You can also check the pharmacy’s website or give them a call and ask if this is a service they offer.
“You could easily find out if a pharmacist on staff there provides birth control by checking the website or giving the pharmacy a call,” Sarah McBane, PharmD, a health sciences clinical professor and founding associate dean for pharmacy education at the UCI School of Pharmacy & Pharmaceutical Sciences, said.
At the pharmacy, you will have to fill out a health screening form that includes questions about your medical history, so be prepared to share details about your overall heath and any medications you take.
The pharmacist may also take your blood pressure.
This process will help the pharmacist determine which types of hormonal birth control are safe for you to take and help you evaluate the risks, benefits, and costs.
“The answers to these questions are used to determine if someone is an appropriate candidate for receiving birth control at the pharmacy and may help determine which contraceptive is best,” McBane said.
If any risk factors are identified, your pharmacist will refer you to an OB/GYN or primary care doctor, says Fish.
A recent survey from Wolters Kluwer found that some Americans are concerned about the safety of being prescribed medication from a pharmacist.
About two-thirds of participants said they worried about potential medication interactions.
“Birth control pills are available OTC in some countries and some stakeholders are promoting that model for the US; until then, pharmacists are a great place to seek contraception,” McBane said.
According to the Wolters Kluwer survey, most Americans — 72% — feel comfortable being prescribed medications by a pharmacist.
The most convincing reason: more affordable care.

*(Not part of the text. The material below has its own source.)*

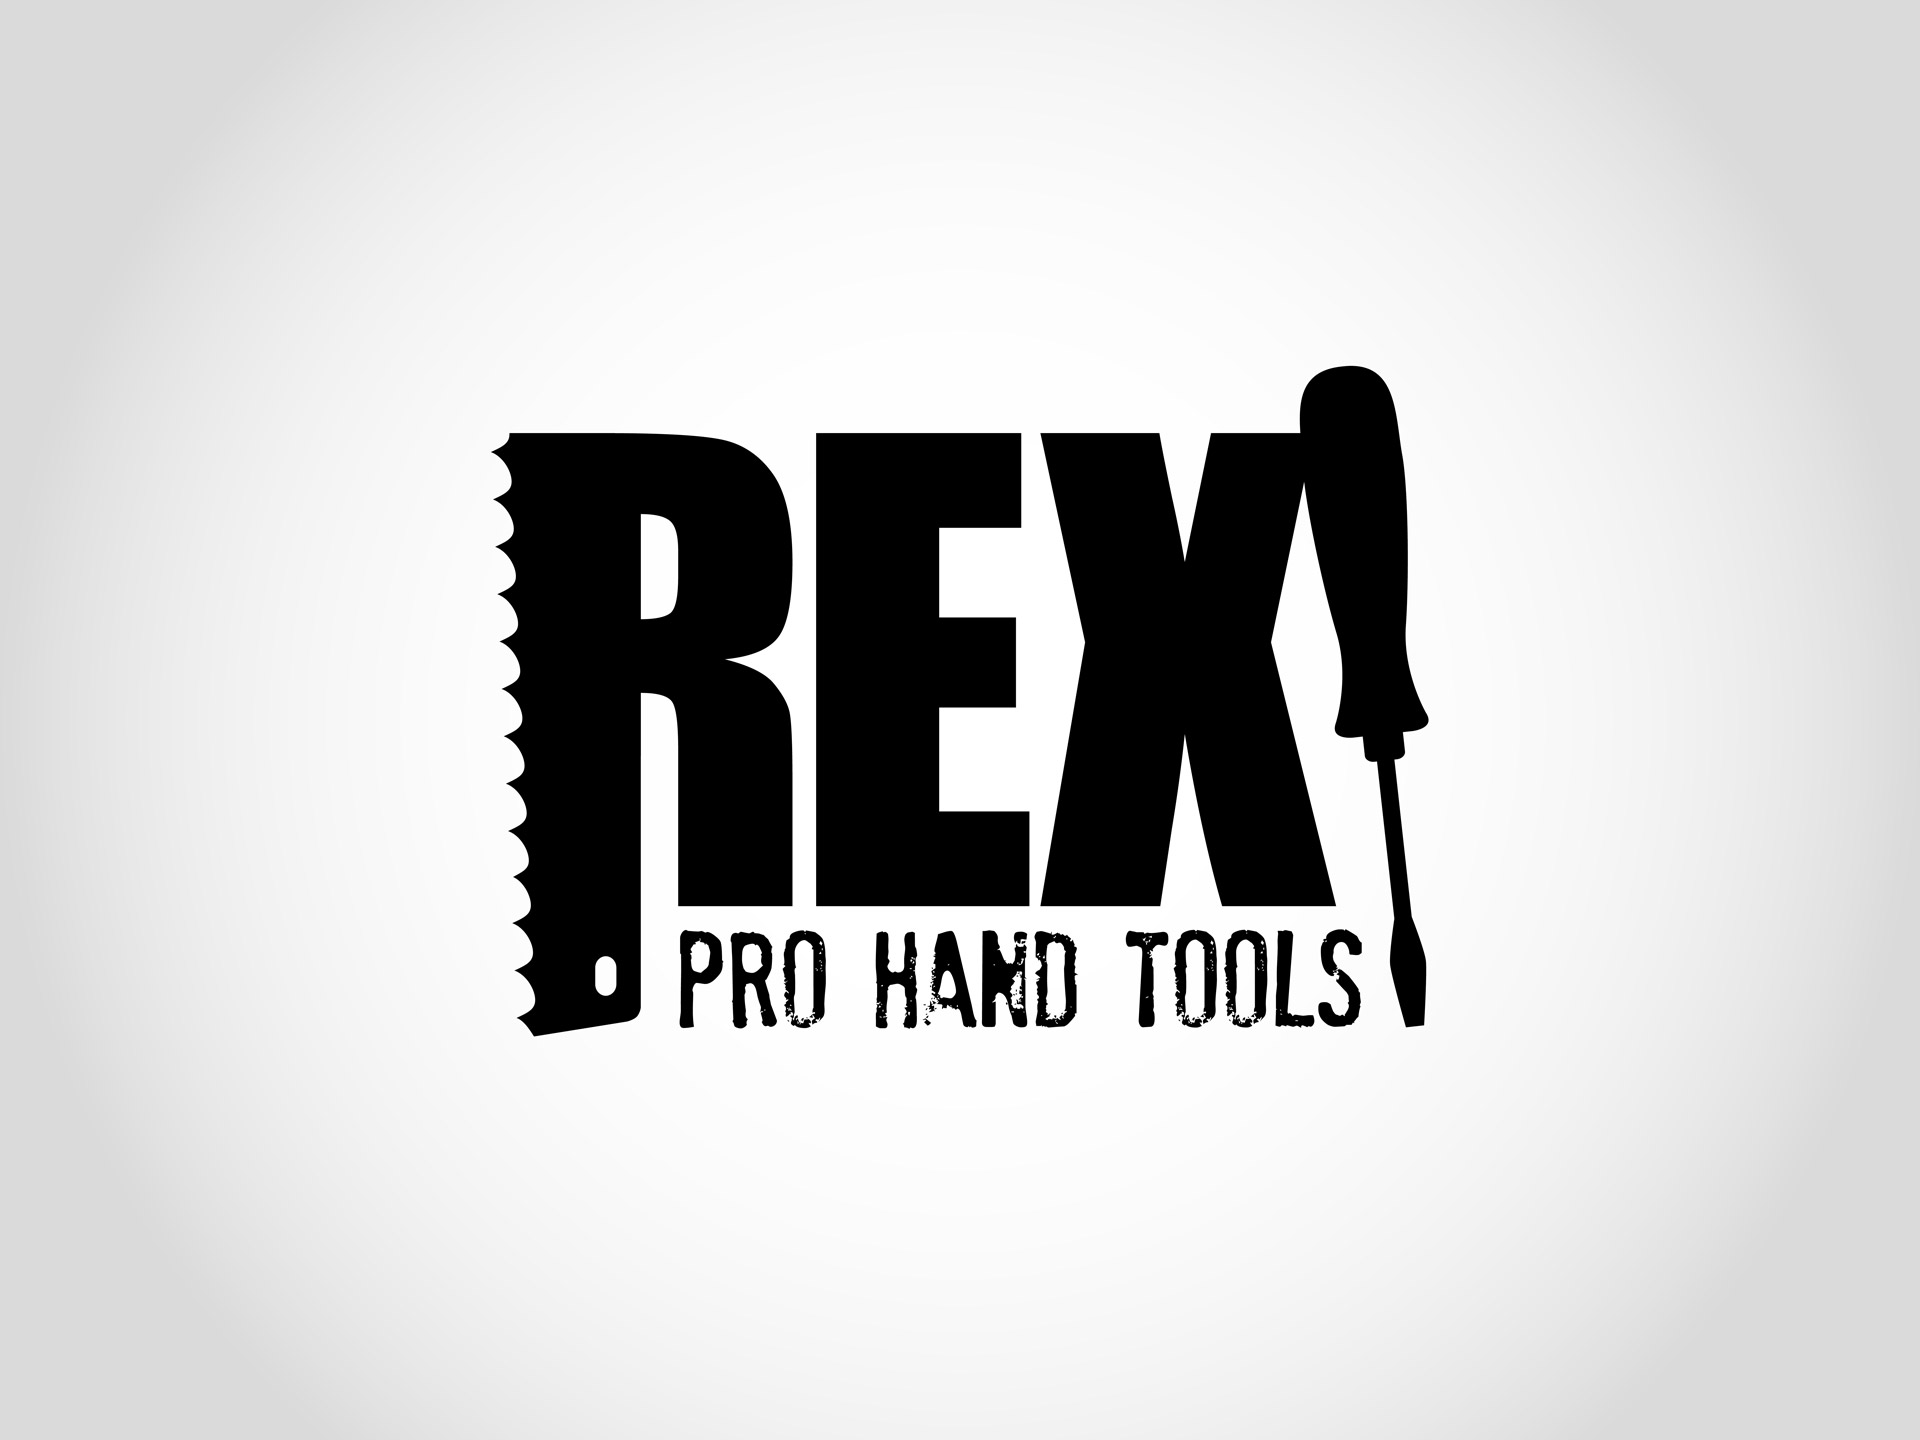 Rex Hand Tools branding

The cost of prescription medications has surged in recent years, increasing, on average, by 6 to 10%.
Approximately 44% of Americans don’t fill their prescription because they can’t afford it.

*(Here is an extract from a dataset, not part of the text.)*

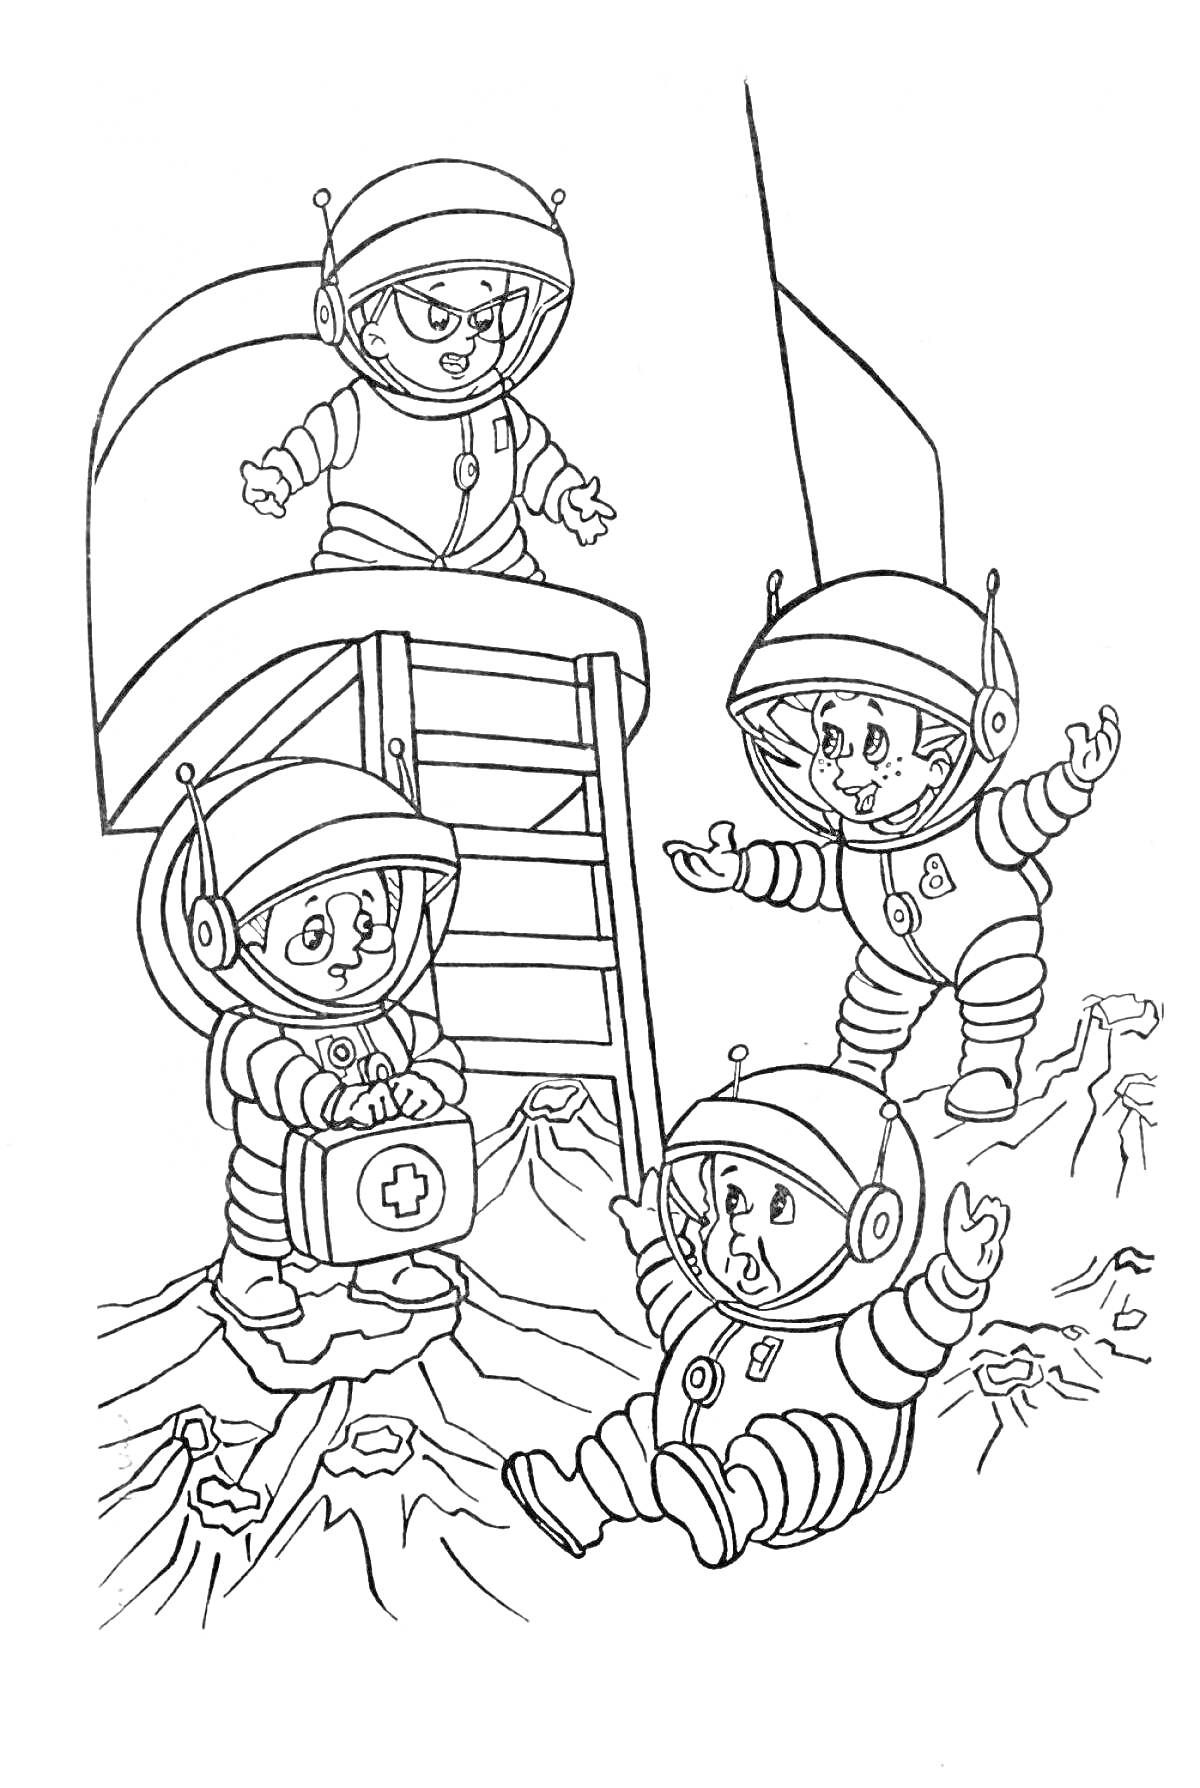 Астронавты у лунного модуля. Три космонавта в скафандрах с медицинской сумкой, стоящие и сидящие на поверхности, и четвертый космонавт, спускающийся по лестнице из модуля.

The shift in care from primary care doctor to pharmacy has reduced healthcare costs and barriers for patients.
It can take months to get an appointment with an OB/GYN or primary care doctor, says Fish, and pharmacists can help people get the medications they need sooner.
In addition, pharmacies are typically open for longer hours and on weekends when doctor’s office and health care clinics are typically closed.
“Pharmacists are the most accessible health care provider,” McBane said. “This means that someone could still get birth control without having to take time off of work.”
By expanding this authority to pharmacists, the number of unintended pregnancies can also be reduced, Fish noted.
“In the first two years that Oregon allowed pharmacists to prescribe birth control, 50 unintended pregnancies were prevented and the state save $1.6 million,” Fish said.
In the past few years, many states have passed laws permitting pharmacists to prescribe hormonal birth control. By allowing pharmacists to prescribe hormonal birth control, the costs for care and barriers preventing people from accessing care can be significantly reduced. Getting birth control prescriptions through a pharmacists is safe and effective and could help prevent unintended pregnancies.